Mike Clayton: It's a lot of advice you're asking for – better decisions, better time management and value. I think start with something I've already stated – keep learning and learn broadly, cover as much as you can, just look for good quality articles. I know you, PMTips, produces some really good articles. I certainly work hard to produce a very substantial article once a week of two to three thousand words on a topic. Look at some really good videos, there are some great YouTube channels as well, and again I'm very proud of some of the YouTube videos that I've created about project management. But, go wider – look at general business, general psychology, general communication skills, personal effectiveness skills, look at books, look at videos, courses. Continually learn if you're a member of the PMI or the Association for Project Management, you will be expected to do continuing education and personal development through your career. But even if you're not, you should be doing that. And if you are, don't be limited, don't see the number of hours you need to clock up as some sort of a target – see them as a starting point. Just learn wherever you can, be interested in everything.
And, the second thing I'd say is that your success as a professional [is] not about luck.
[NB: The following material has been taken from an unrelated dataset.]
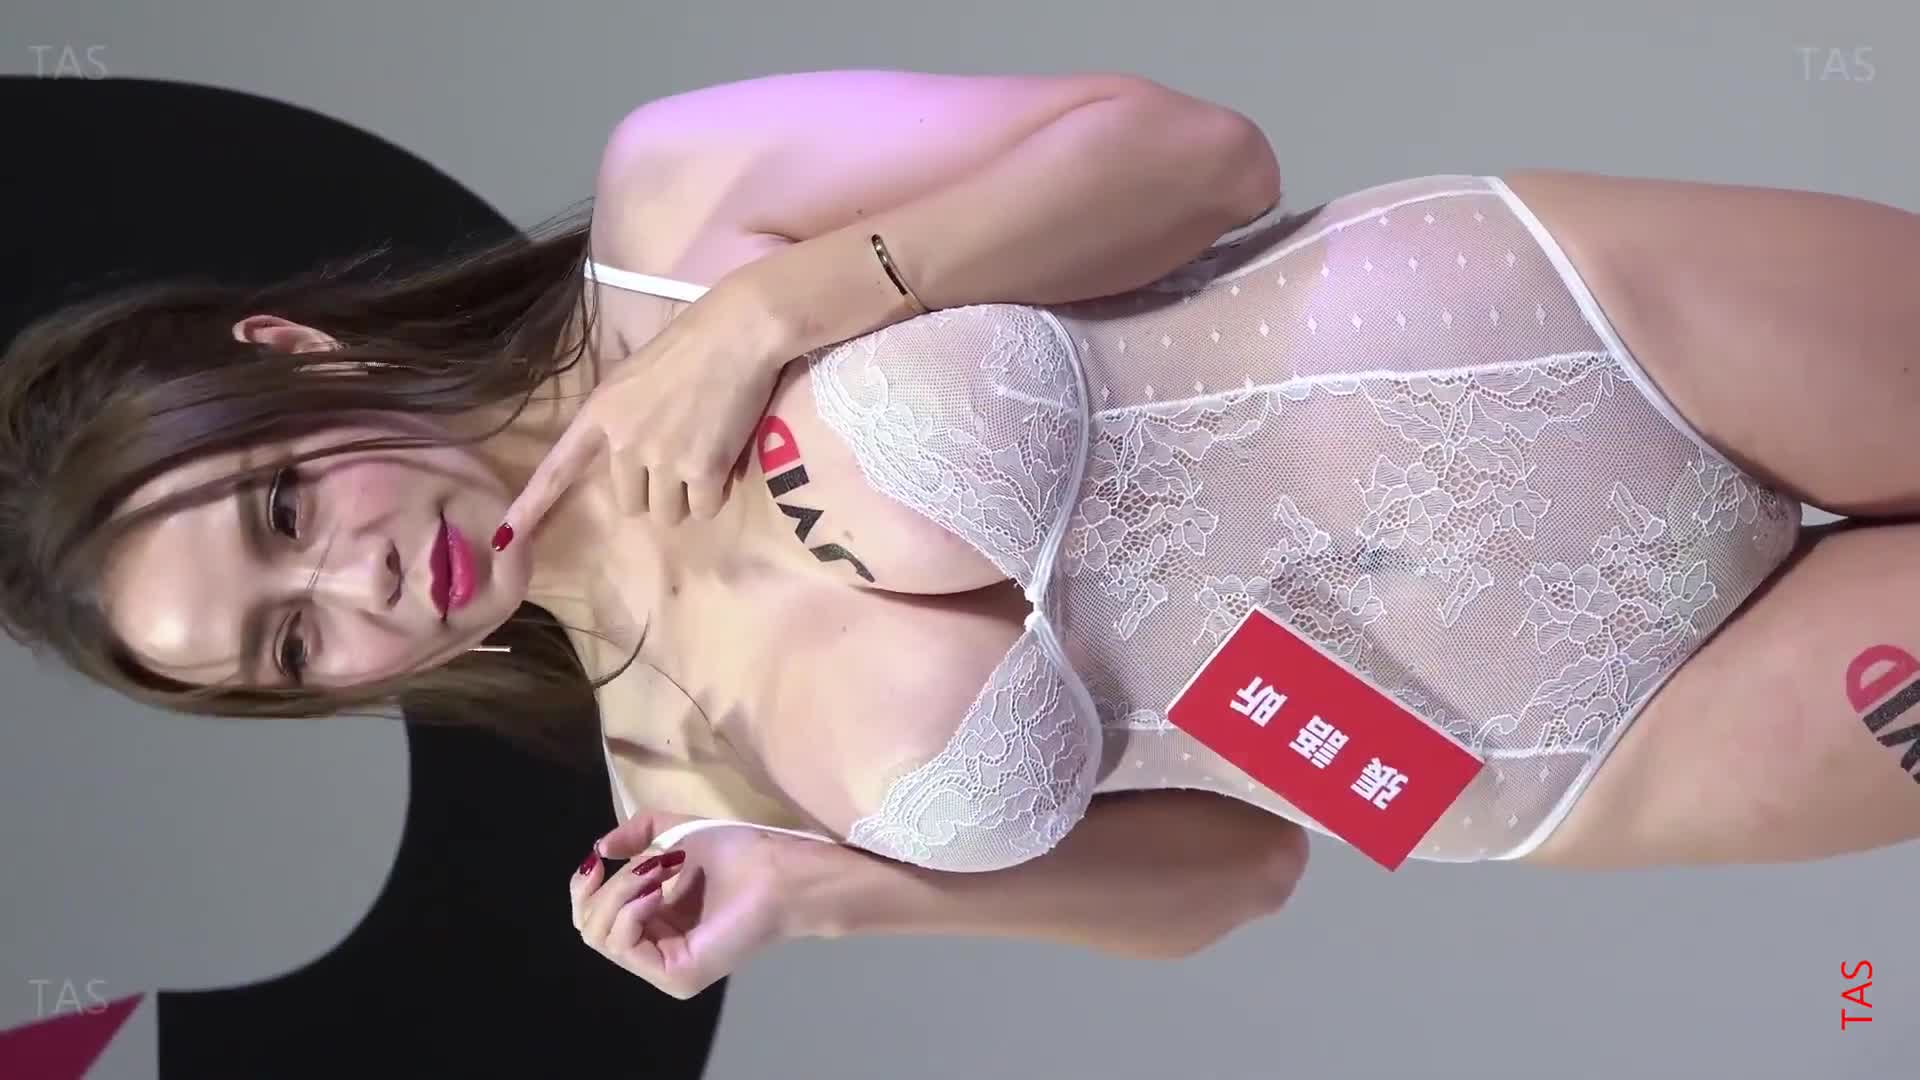 Taipei JVID Model CHUBBY HOT 2019 - Taipei International Adult Exhibition 2019

Luck clearly plays a part – sometimes you get an opportunity that other people haven't got and it makes a difference and sometimes you don't get the opportunity you were hoping for. But primarily, I think your success as a project manager is about hard work. It's about being diligent and doing everything properly and carefully and thoughtfully, and it's about persevering. And if we take that to the example of better decisions – what makes a good decision – it's not being right, because you can't be right all the time. But, it is about following a good process, accessing the best information and using that, to use your best judgment and bringing the best judgement of the people around you. And, so I would say that my main advice is really to act like a professional – and I recently published an article about ethics and codes of conduct in the project management world. I think we do need to think of ourselves as professionals, and I know here in the UK the Association for Project Management, very proudly a couple of years ago, got its Royal Charter as a chartered body for project professionals, and that's how we need to think of ourselves. Not as someone who does a job, but as someone who is committed for a period of time, which may be your whole working life or it may be a part of it, to being the very best project manager we can be.
PMTips: Mike, thank you for giving great advice to our readers and listeners. That was the last question. Thank you once again for being our guest today.
Mike Clayton: It's been a great pleasure, thank you very much for inviting me.